Le 10 août dernier, la terre a tremblé en Colombie, rappelant avec une brutalité inouïe la vulnérabilité de cette région du monde face aux caprices tectoniques. Alors que le pays panse ses plaies et tente de se relever au milieu des décombres, le bilan humain et matériel ne cesse de s’alourdir. Pour la communauté française établie sur place, riche de plusieurs milliers de ressortissants, le choc est immense. Entre l’angoisse des premiers instants, la mobilisation des instances consulaires et l’impérieuse nécessité de la solidarité internationale, retour sur une tragédie qui bouleverse bien au-delà des frontières sud-américaines.

Retour sur une catastrophe d’une rare violence

Le séisme qui a frappé la Colombie le 10 août restera gravé dans les mémoires comme l’un des événements les plus destructeurs de l’histoire récente du pays. Frappant sans crier gare, les secousses ont ravagé des villes entières, détruit des infrastructures vitales et brisé des milliers de vies en l’espace de quelques secondes.
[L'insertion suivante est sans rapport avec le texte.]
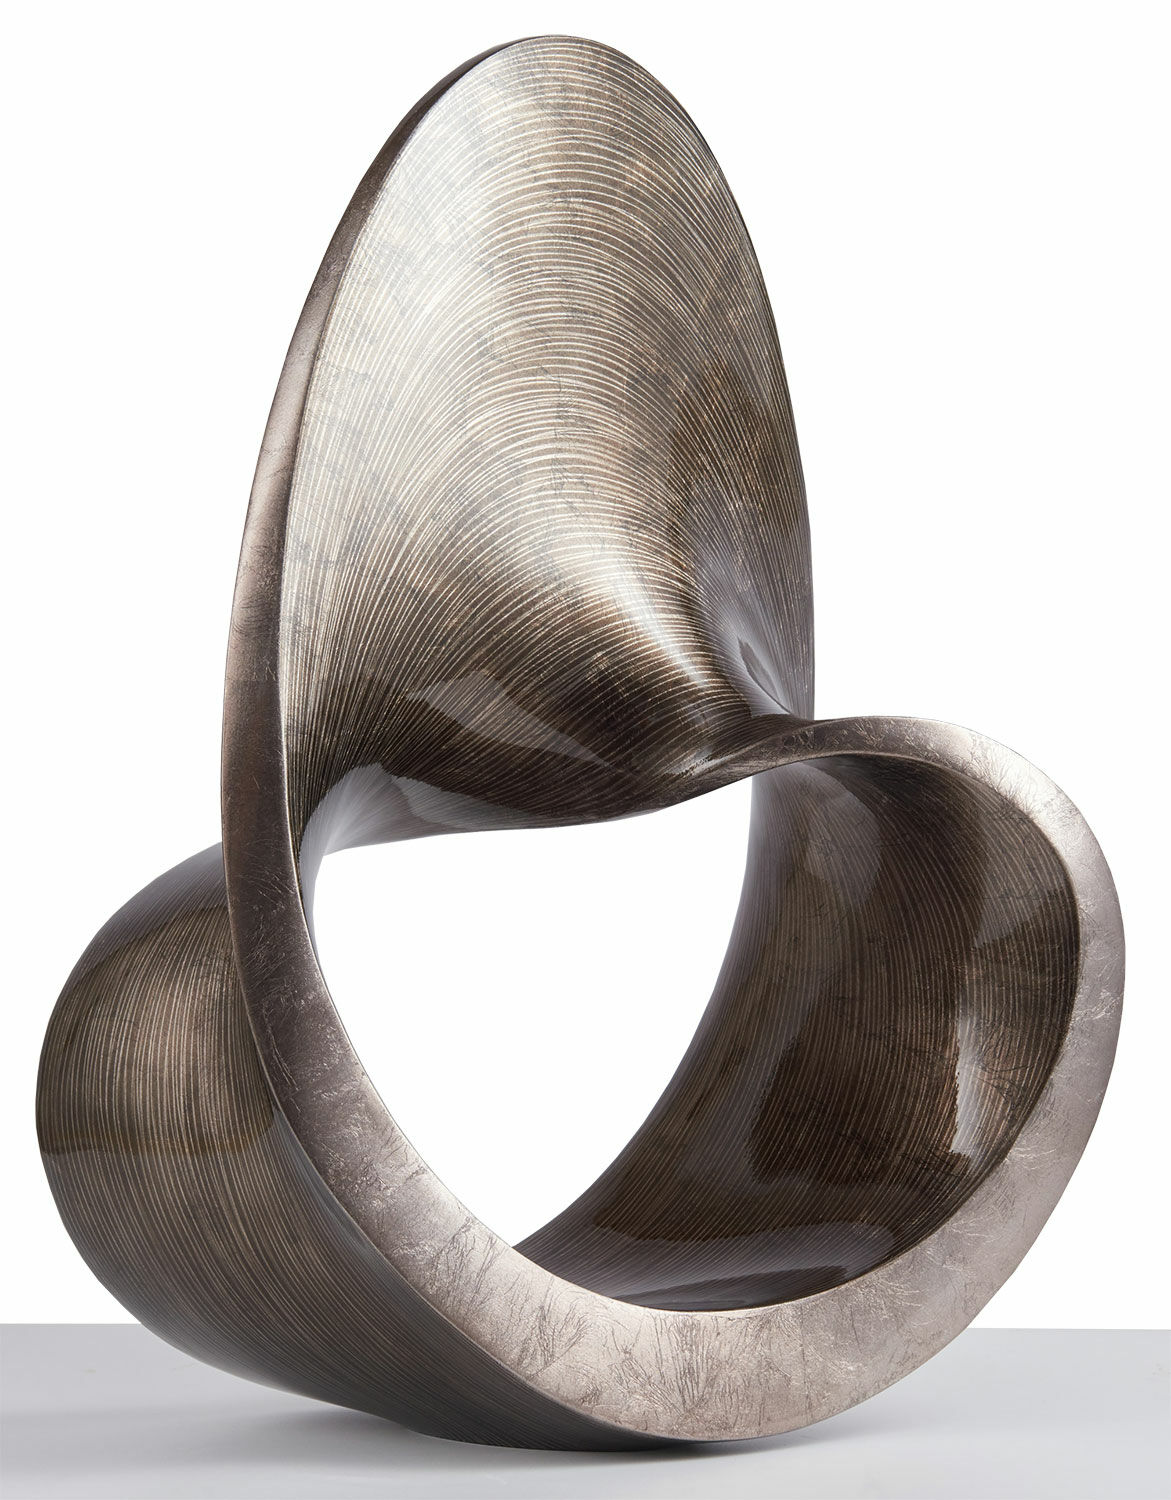 Skulptur "Spiral", støbt

Les chiffres sont glaçants et témoignent de la violence du phénomène. Selon les dernières autorités locales et les rapports relayés par Le Courrier du Vietnam, le nombre de morts est officiellement passé à 329. À ce terrible bilan s’ajoutent des centaines de blessés, dont beaucoup se trouvent encore dans un état critique, et de nombreux disparus que les secours, colombiens et internationaux, tentent inlassablement de retrouver sous les amas de béton et de tôle. Les hôpitaux de la région, souvent saturés, travaillent à flux tendu pour prendre en charge les rescapés de cette catastrophe.
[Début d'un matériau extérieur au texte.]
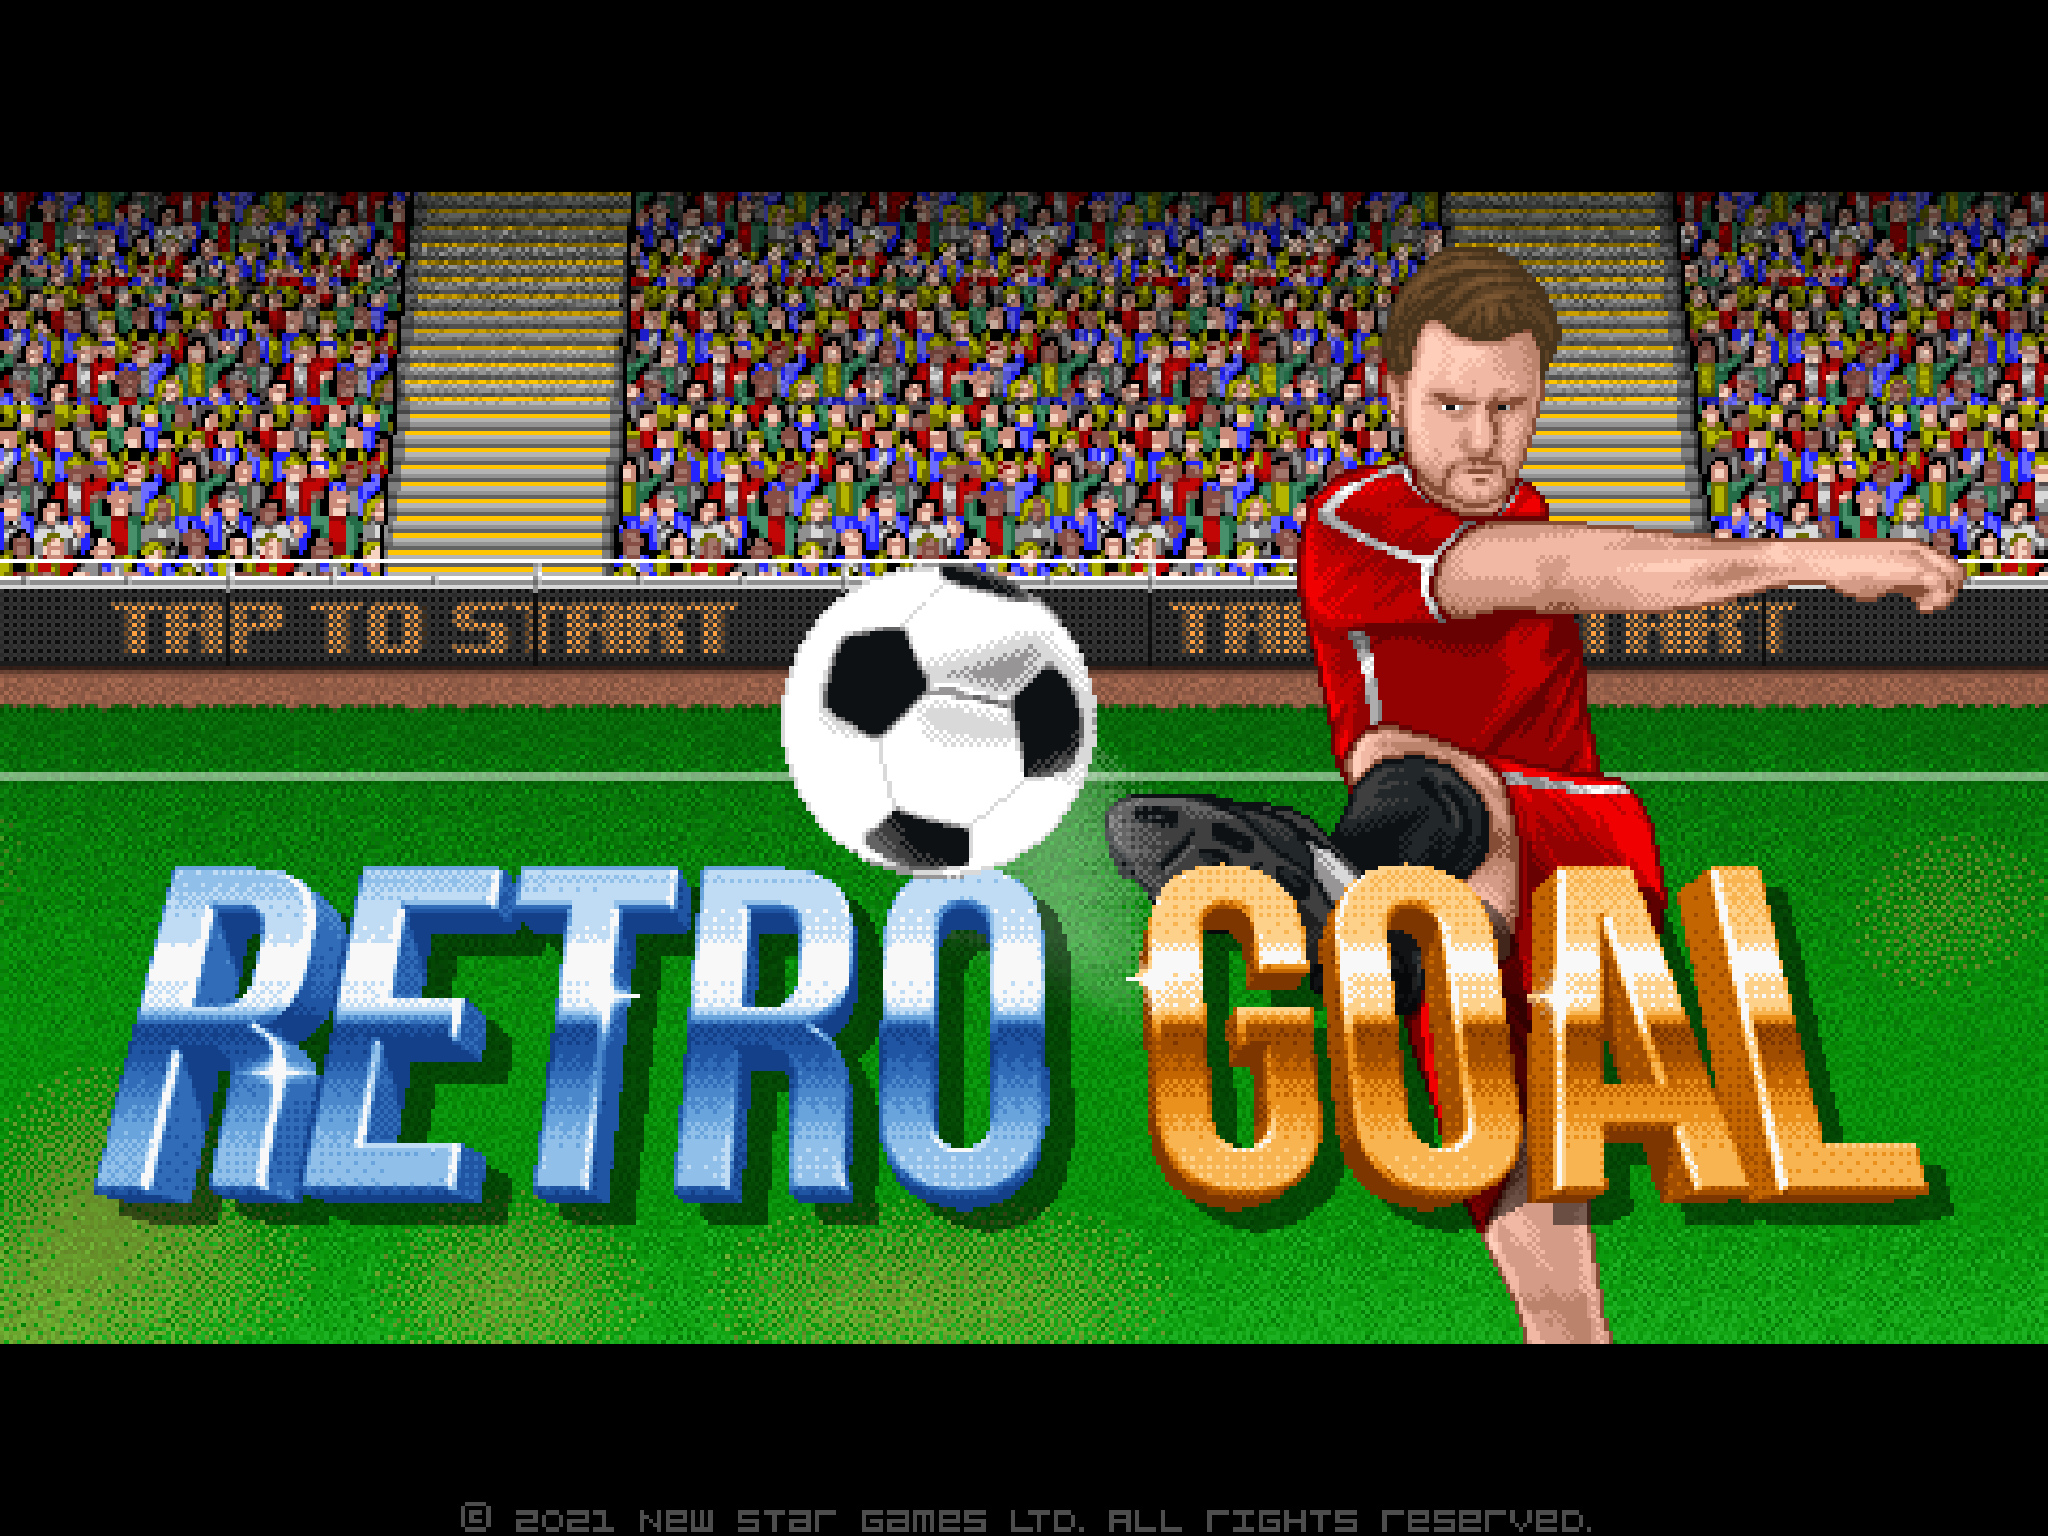 Poke Football Goal Foosball on the App Store

Des habitants aident les services de secours à fouiller les décombres d'un bâtiment effondré à Cali, ce 10 août.
Des habitants aident les services de secours à fouiller les décombres d’un bâtiment effondré à Cali, ce 10 août. ©AFP

Face à l’ampleur des dégâts, la communauté scientifique s’est très vite penchée sur les raisons de ce désastre. Comme le souligne une analyse détaillée publiée par Geo, si la magnitude du séisme explique en partie les dégâts, ce sont surtout les fragilités structurelles qui sont pointées du doigt. La Colombie, située sur la Ceinture de feu du Pacifique, est habituée aux secousses. Cependant, le développement urbain rapide et souvent informel a conduit à la construction de nombreux bâtiments ne respectant pas les normes parasismiques. Les quartiers populaires, accrochés aux flancs des collines ou bâtis sur des sols instables sujets à la liquéfaction, ont agi comme de véritables châteaux de cartes face aux ondes de choc. Ce drame relance de manière urgente le débat sur la prévention des risques et la nécessité de repenser l’aménagement du territoire colombien.
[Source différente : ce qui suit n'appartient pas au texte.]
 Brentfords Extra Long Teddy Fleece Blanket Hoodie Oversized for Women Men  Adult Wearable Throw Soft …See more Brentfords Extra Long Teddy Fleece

Le visage de la tragédie : le sacrifice de Lenny Fernandez

Au-delà des statistiques froides, ce sont les histoires individuelles qui illustrent le véritable coût de cette tragédie. Toute la Colombie a été bouleversée par l’histoire tragique de Lenny Fernandez, une femme de 38 ans. Comme le rapporte Jean-Marc Morandini, lors de l’effondrement de son immeuble, Lenny a fait le choix bouleversant de protéger son petit chien en faisant rempart de son propre corps. Si l’animal a pu être extrait vivant des décombres grâce à son acte de bravoure, Lenny, elle, n’a pas survécu. Ce sacrifice ultime, symbole poignant d’amour et d’humanité au milieu du chaos, a suscité une immense vague d’émotion sur les réseaux sociaux et dans les médias, donnant un visage à cette catastrophe aveugle.

La communauté française sur le qui-vive

La Colombie abrite une communauté française dynamique, composée d’expatriés, de binationaux, d’entrepreneurs et de personnels diplomatiques. Dès les premières heures suivant le séisme, l’inquiétude s’est emparée des familles en France, suspendues aux nouvelles de leurs proches.

Le ministère de l’Europe et des Affaires étrangères a rapidement réagi. Le Quai d’Orsay, via un communiqué officiel, a exprimé la solidarité de la France envers le peuple colombien tout en activant immédiatement sa cellule de crise. Les services consulaires à Bogota se sont mobilisés jour et nuit pour localiser les ressortissants français, recenser d’éventuelles victimes et apporter une assistance d’urgence à ceux ayant perdu leur logement ou leurs documents d’identité.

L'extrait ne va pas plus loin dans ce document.